Got you. And then that schedule of harvesting, that's specifically tying back to keeping them healthy?


MATT: Yeah. Harvesting during the windows when the kelp is going to be most resilient. And then, yeah, we're able to put up enough kelp during the summer harvesting window so that we can continue to process and dry and make our products throughout the entire year.


That's great. Awesome. I saw that you have some recipes on the website. Are those all sort of just self-created? Are they like adapted from others? Is it a bit of both?



MATT: So we have three owners at Barnacle and several employees. And we're all just extremely into food and cooking. And so we have some recipes that are kind of handed down or just family recipes. Some of our staff have really taken a big lead in working with our products and then coming up with exciting ways to use them. Some of those are internally developed and others are adapted from other recipes using seaweed or any recipe that calls for salsa or pickles. We can easily work out, get into those. Yeah.


Right on. I'm all about it, man. I saw that there's a bunch of large publications that you guys have been featured in, like the New York Times, Washington Post, Washington Times. How did that come about?


MATT: We feel very fortunate to have gathered a lot of attention from the media. And I think a lot of that is due to the uniqueness of what we're doing. We're really one of the first food businesses to work with kelp in such a familiar food. So we're using it in everyday staple foods like salsa, instead of using it in more traditional dried nori sheets or sushi or those types of applications. This kind of uniqueness of the products and then the backdrop of Alaska has made us a very intriguing story for the media. And so we've been reached out to for most of those stories pretty organically but then any time we catch wind that a story is coming out on kelp, we'll sometimes send out some samples to strategic folks and see if they can get in the hands of the authors or whatnot. So there's definitely some work that goes into getting that exposure as well.


That makes a lot of sense. I guess this next question is sort of adjacent to that, maybe it's related in some ways. I also saw that there is a lot of connection you guys had made with businesses. Not just obviously in the state but also out of state. I noticed that there were a lot in California and then all the way in New York and Maine. And Maine, now that you mentioned Maine as kind of being on the kelp train, that makes sense to me but what about these other places?

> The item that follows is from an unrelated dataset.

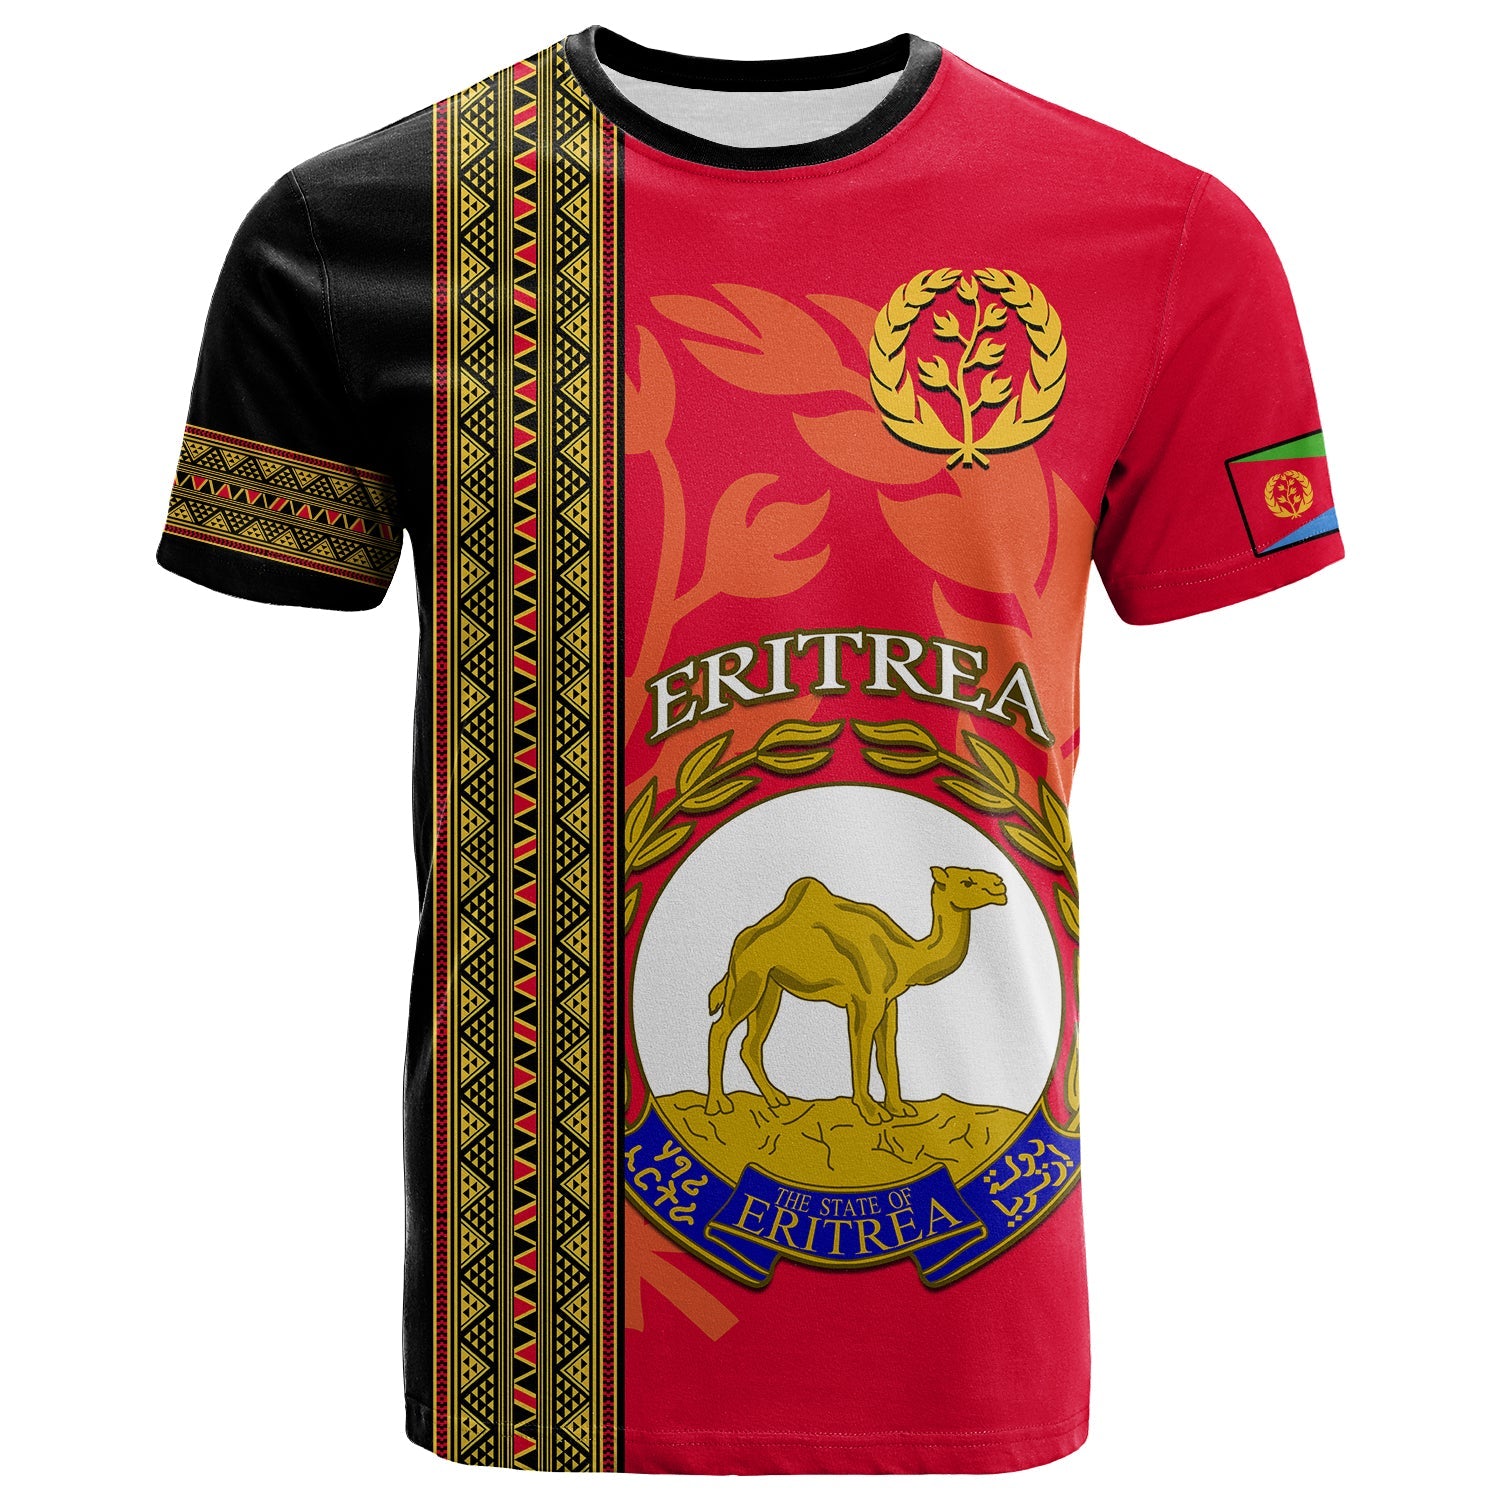 eritrea-t-shirt-african-pattern-happy-independence-day-version-black

MATT: We've found that collaborations are a very effective way of growing the business and getting our name out there. And we've been really fortunate to be partnered up with some pretty influential businesses that are in a place where they can work with us. We're hoping someday to be able to support small businesses like us and leverage our brand eventually for other businesses. But most of the time it's us partnering with a bigger brand who is intrigued by our story or is interested in getting into kelp or infusing that into their products. So, yeah, probably our most notable collaboration to date is with the salad chain, Sweetgreen, which is apparently a pretty big phenomenon along the coasts. I have yet to eat at one, but it sounds like they make a wicked salad. *laughs* They really see a lot of potential in kelp as a food source. Just as far as the sustainability of the resource and how abundant and fast it grows and then the nutrition benefits. And so they reached out to us and were interested in doing a co-branded product. And so, yeah, it's just a really great way, rather than compete with an existing company or a new company, to put your minds together and also expose yourself to other customers and get recognition from both customer bases. And I think that's just a big appeal to a lot of customers is seeing companies working together and collaborating.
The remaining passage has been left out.